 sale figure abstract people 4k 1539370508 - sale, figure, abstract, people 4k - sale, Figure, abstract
...
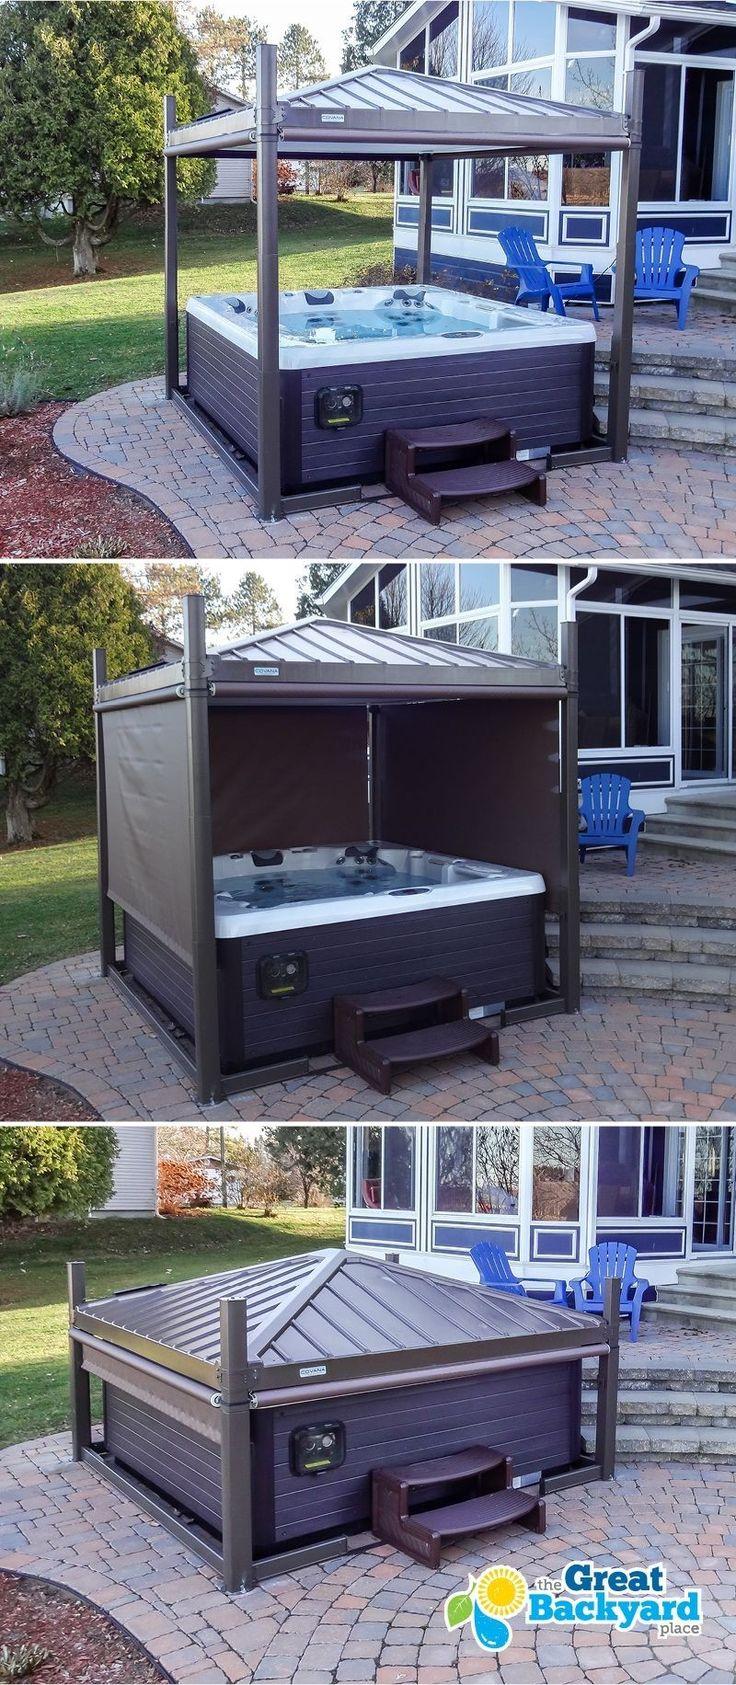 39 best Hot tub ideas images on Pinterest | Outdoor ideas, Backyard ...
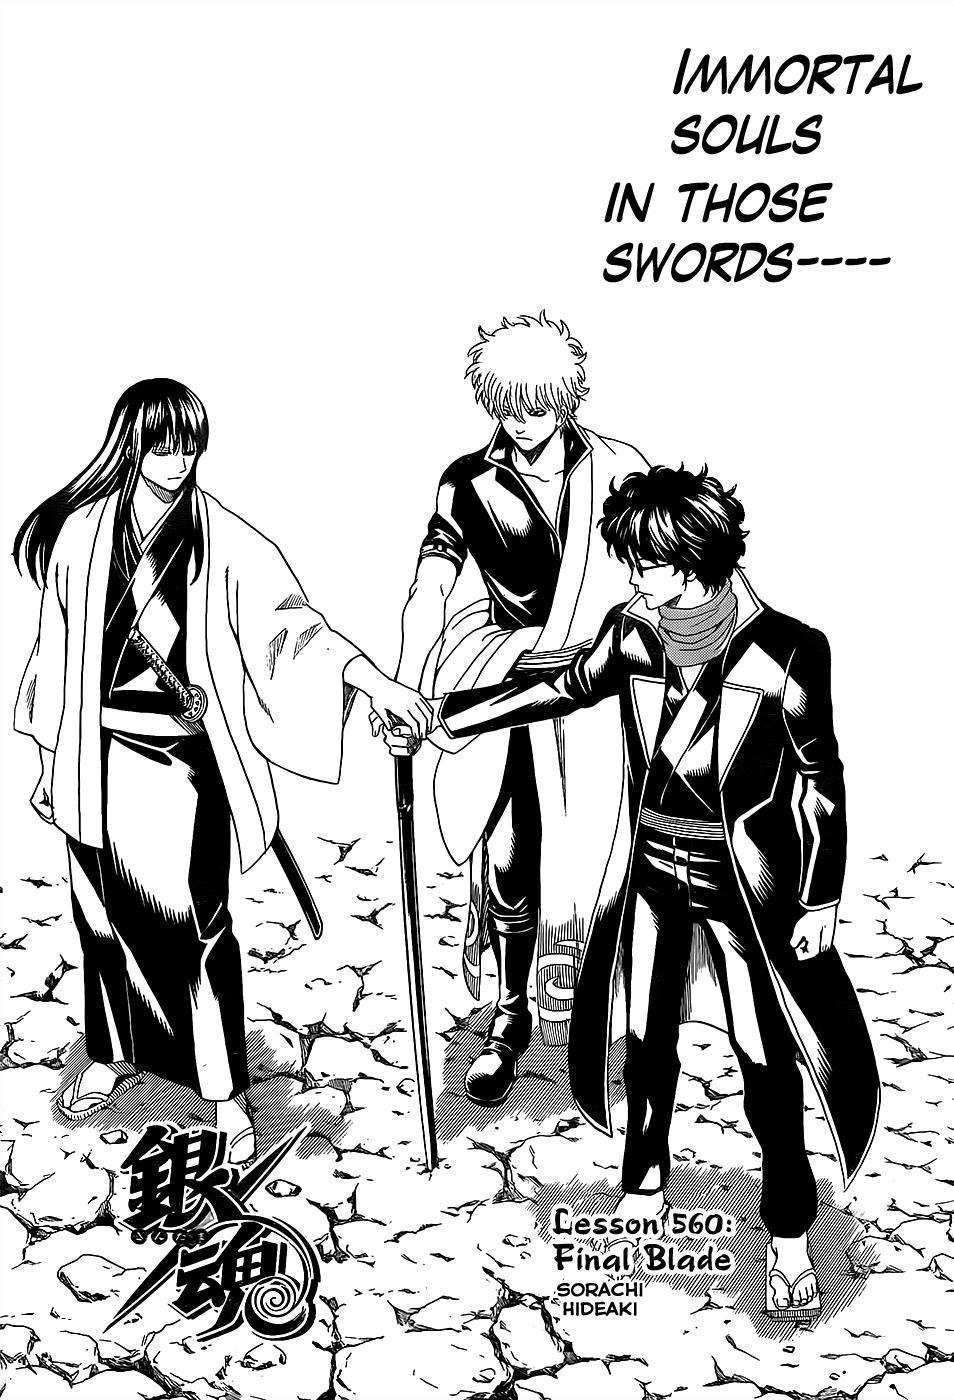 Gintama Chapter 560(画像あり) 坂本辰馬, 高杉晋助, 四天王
---
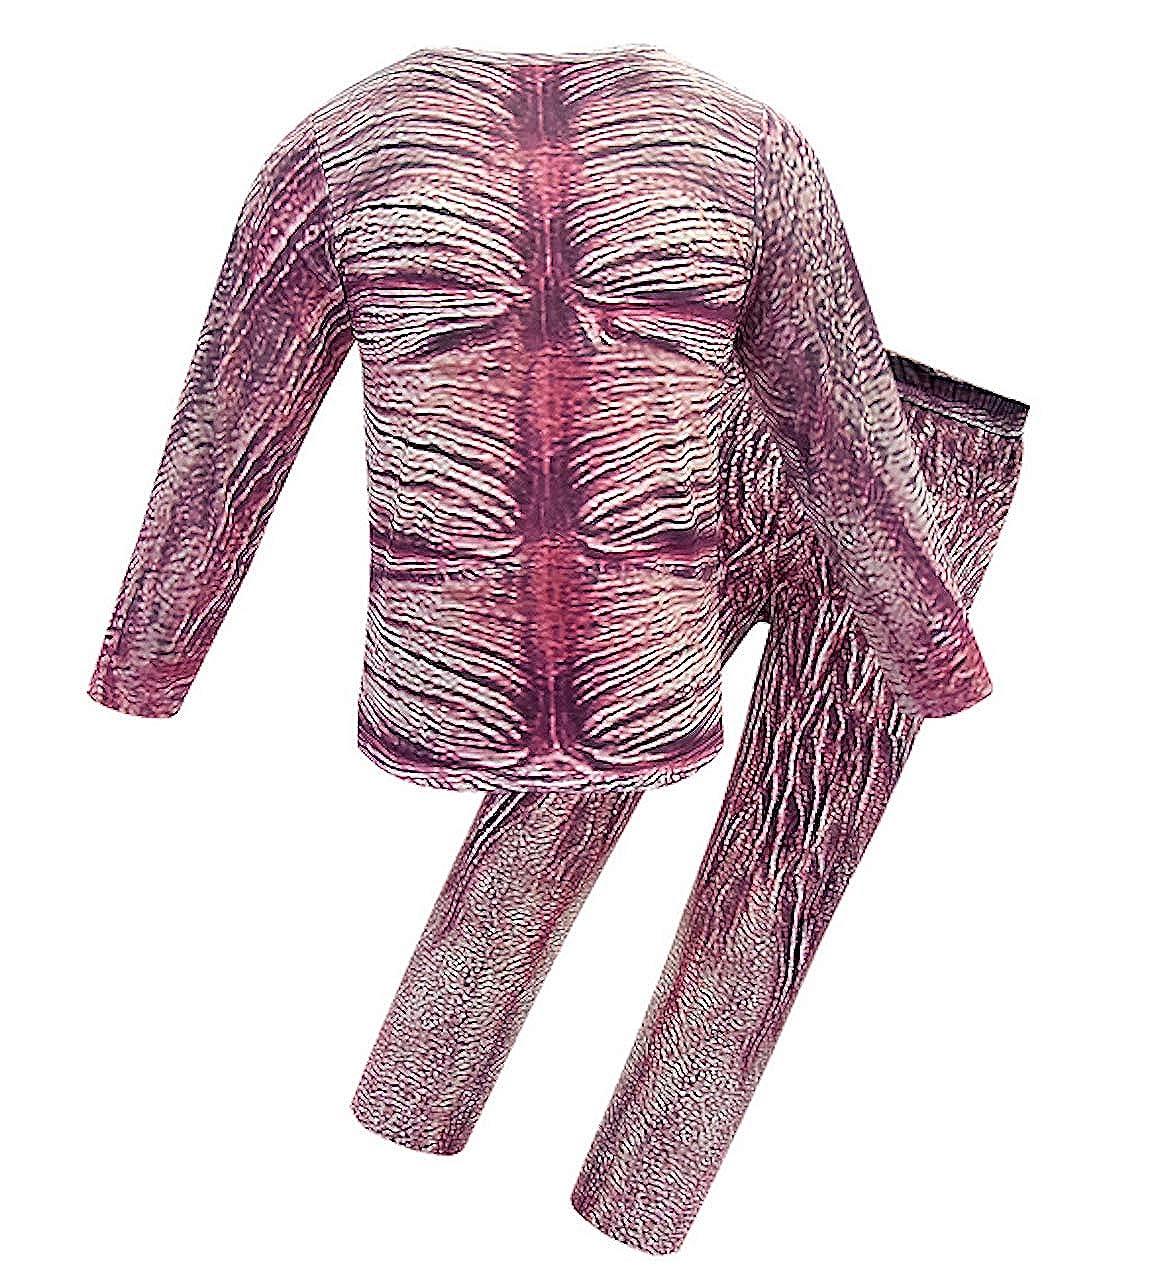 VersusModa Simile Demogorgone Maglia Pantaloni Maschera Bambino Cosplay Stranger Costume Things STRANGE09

→ **WHAT TO WORK ON**:
The answer should consist only of the lines above from the one with "39 best Hot" through the one with "Gintama Chapter 560(画像あり) 坂本辰馬, 高杉晋助, 四天王", repeated exactly, with no pictures among them.

→ **COMPLETED TASK**:
 39 best Hot tub ideas images on Pinterest | Outdoor ideas, Backyard ...
 Gintama Chapter 560(画像あり) 坂本辰馬, 高杉晋助, 四天王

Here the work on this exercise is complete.